El Teatro Real (en su versión post-97) es una de las mejores cosas que le han sucedido a Madrid en las últimas décadas. Seguramente también a España. Pero parece que, en su mayoría, las clases dirigentes no se enteran; sí los empresarios, que lo patrocinan generosamente, y sí el pueblo llano, que no lo visita en masa (seguramente porque no puede) pero que lo lleva en el corazón como si de una pequeña joya se tratara y que lo siente como algo propio, un valor de los pocos realmente sustanciales que le puedan quedar en su interior en este país de desquicie y subestima de la cultura. Todo el mundo en Madrid y fuera de Madrid sabe qué es el Real; y lo mira con amor y respeto, aun en sus cuitas más impropias o sus, a veces, prepotencias de clase. Todo el mundo le quiere. Porque es un exponente creativo de primera, que unos y otros así lo entienden. Otra cosa es el grado de implicación que se gasta con él la clase política, la clase dirigente, que salvo contadas excepciones se reduce a una monódica apatía, en realidad la misma que exhibe por todo aquello que se pueda calificar como culto, es decir, como forma de expresión bella de todo lo que es humano, aun lo malo. Porque bien visto, eso es la ópera, una manera de mostrar lo mejor y lo peor del ser humano de manera bella, a través de una música bella. Pues bien, un teatro de ópera, como lo es el Real de arriba abajo y de izquierda a derecha, no es más que la herramienta indispensable para hacer realidad algo tan noble y admirable, y por ello cualquier cosa que esté relacionada con él nos concierne a todos.

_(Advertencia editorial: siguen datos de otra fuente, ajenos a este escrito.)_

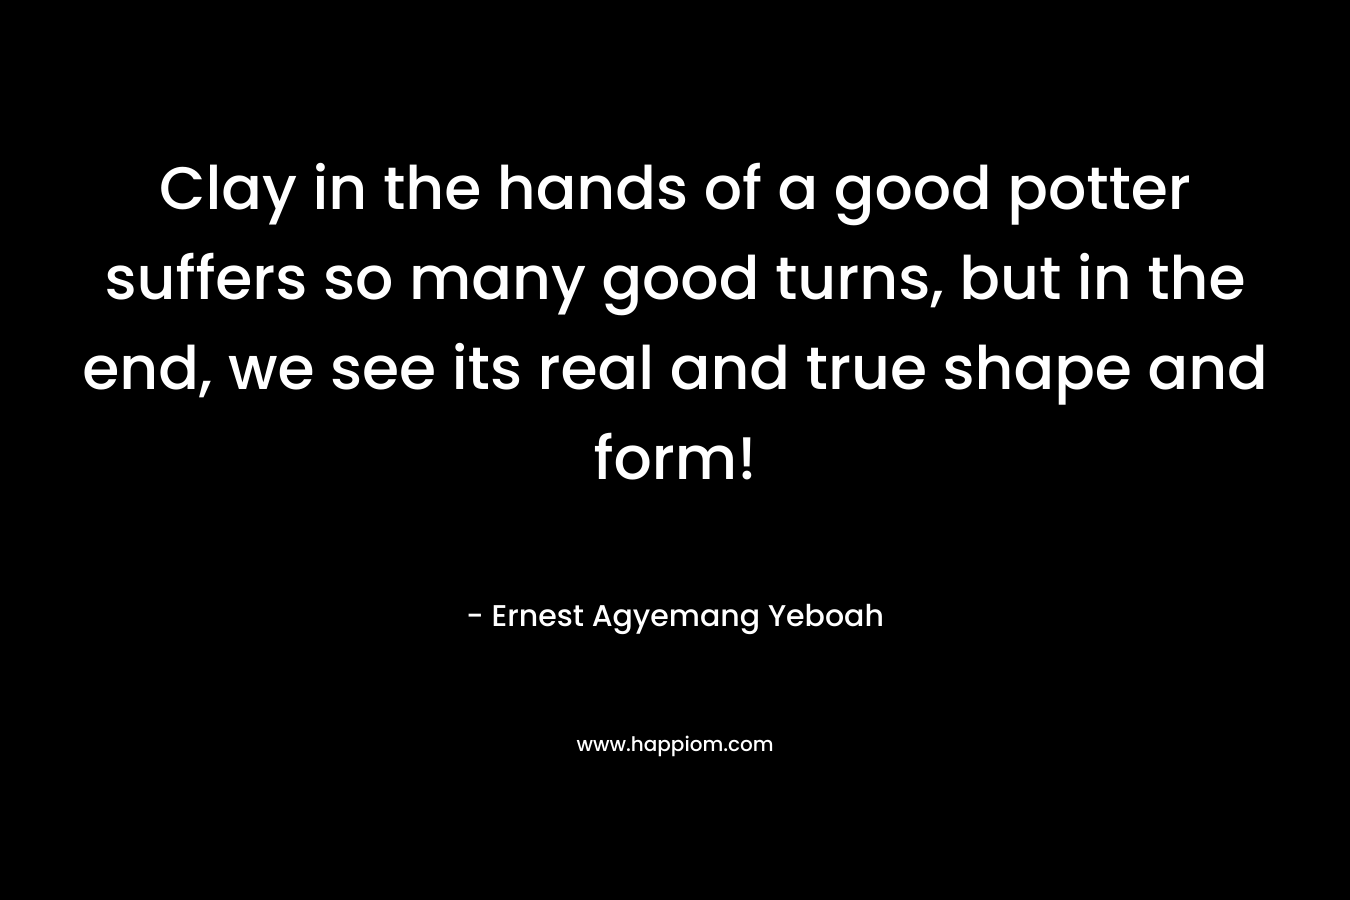 Clay in the hands of a good potter suffers so many good turns, but in the end, we see its real and true shape and form! – Ernest Agyemang Yeboah

200 años no ininterrumpidos. La Dictadura franquista fue implacable hasta con él, transformándolo en sala de conciertos. La Democracia puso las cosas en su sitio. Porque sí, es magnífico escuchar música abstracta, pero la ópera es otra cosa; en una sinfonía suena de todo, pero en una ópera además de sonado está dicho, y la palabra produce alergia al dictador. A toda clase de dictador, porque en ópera se ha dicho y se sigue diciendo de todo: es un género tan tremendo que hasta es capaz de explicarnos cómo un padre engañado puede matar a su propia hija tras un manto de música excelsa, y de hacernos comprender, gracias a esa música milagrosa, que quizá sea esta la única manera posible de expresar una barbaridad semejante de forma grandiosa y bellísima. Ha vuelto a suceder en el Real recientemente en su último Rigoletto.

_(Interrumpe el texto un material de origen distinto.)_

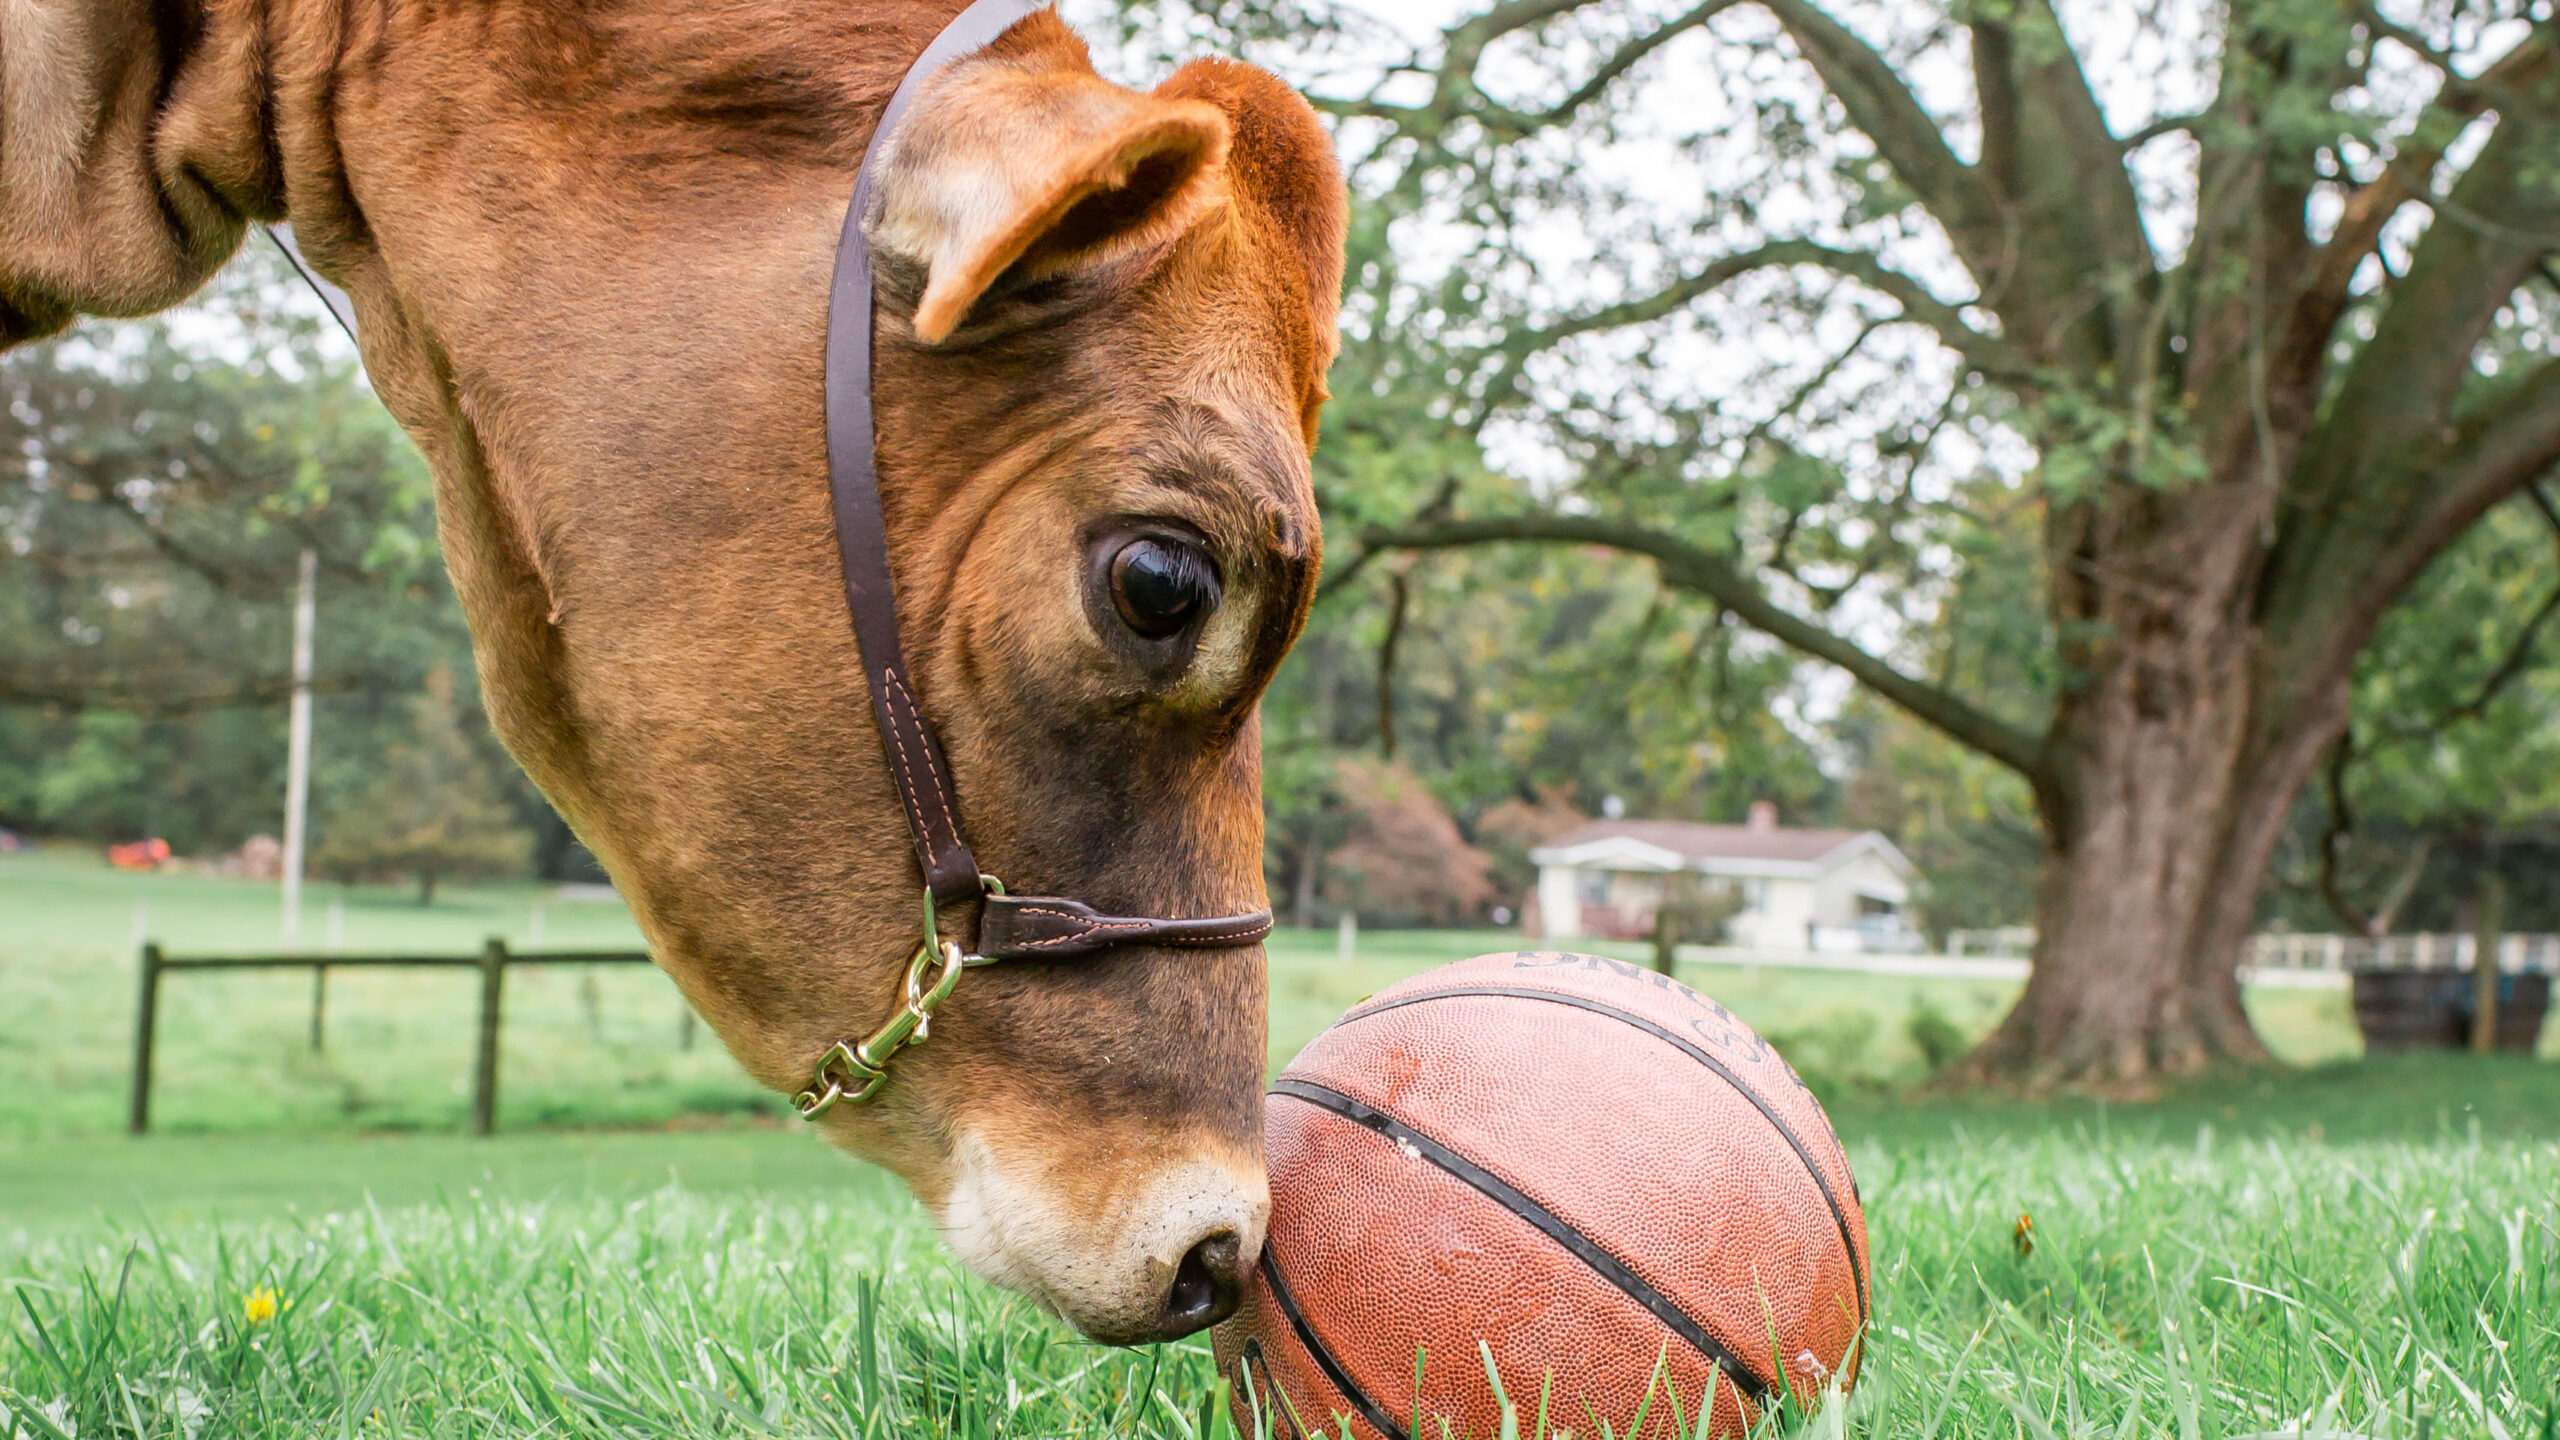 Cow pushing a basketball with its nose

En 2018 habrán pasado 200 años desde que Fernando VII ordenara colocar la primera piedra del edificio que hoy se yergue en la Plaza de Oriente; y el año próximo, 20 desde que los reyes Juan Carlos y Sofía presidieran el acto de reapertura, tras ¡75! años sin que allí se hiciera ópera. Hoy circunscribe una realidad cultural que trasciende al propio arte, pues como institución civil supone un modelo a seguir en una sociedad democrática avanzada. Su modelo financiero es alabado dentro y fuera de nuestro país, y artísticamente cumple con un requisito indispensable: sus programaciones están abiertas a todo tipo de críticas y amores, según el caso; solo cuando eso sucede en un teatro de ópera se puede afirmar que las cosas se están haciendo a gusto de todos, porque en eso precisamente consiste no hacerlo a gusto único, ya se sabe, la base de ese pensamiento unilateral del que la cultura de la creación debe huir corriendo. Desde RITMO hemos defendido la continuidad de este proceso, con cada uno de sus sucesivos directores artísticos e intendentes. Todos y cada uno de ellos han dejado su huella, y a todos hay que estar agradecido. Desde sus páginas se ha ejercido la crítica, a veces severa, de sus logros, pero también de sus desaciertos. Pero siempre poniendo en primer lugar lo más significativo y sustancial, no otra cosa que el propio funcionamiento de la Casa, de todos sus departamentos, incluido el de Prensa, que en todos estos años ha realizado una importantísima labor en lo que a relaciones internacionales se refiere.
El Teatro Real llega en la actualidad a un momento crucial de su historia. Porque se ha convertido en el más importante y decisivo representante de la ópera en España, como divulgador del género dentro y fuera de nuestras fronteras. Su dotación tecnológica y la calidad de sus grupos estables, coro y orquesta, así lo acreditan. Para nosotros es, pues, un placer poder felicitar a todos los que han trabajado en la Casa durante el tiempo transcurrido desde su reapertura para conseguir tal excelencia. Y un doble placer, pues es una felicitación dirigida a alguien que exhibe una envidiable salud y, por consiguiente, un esperanzador futuro.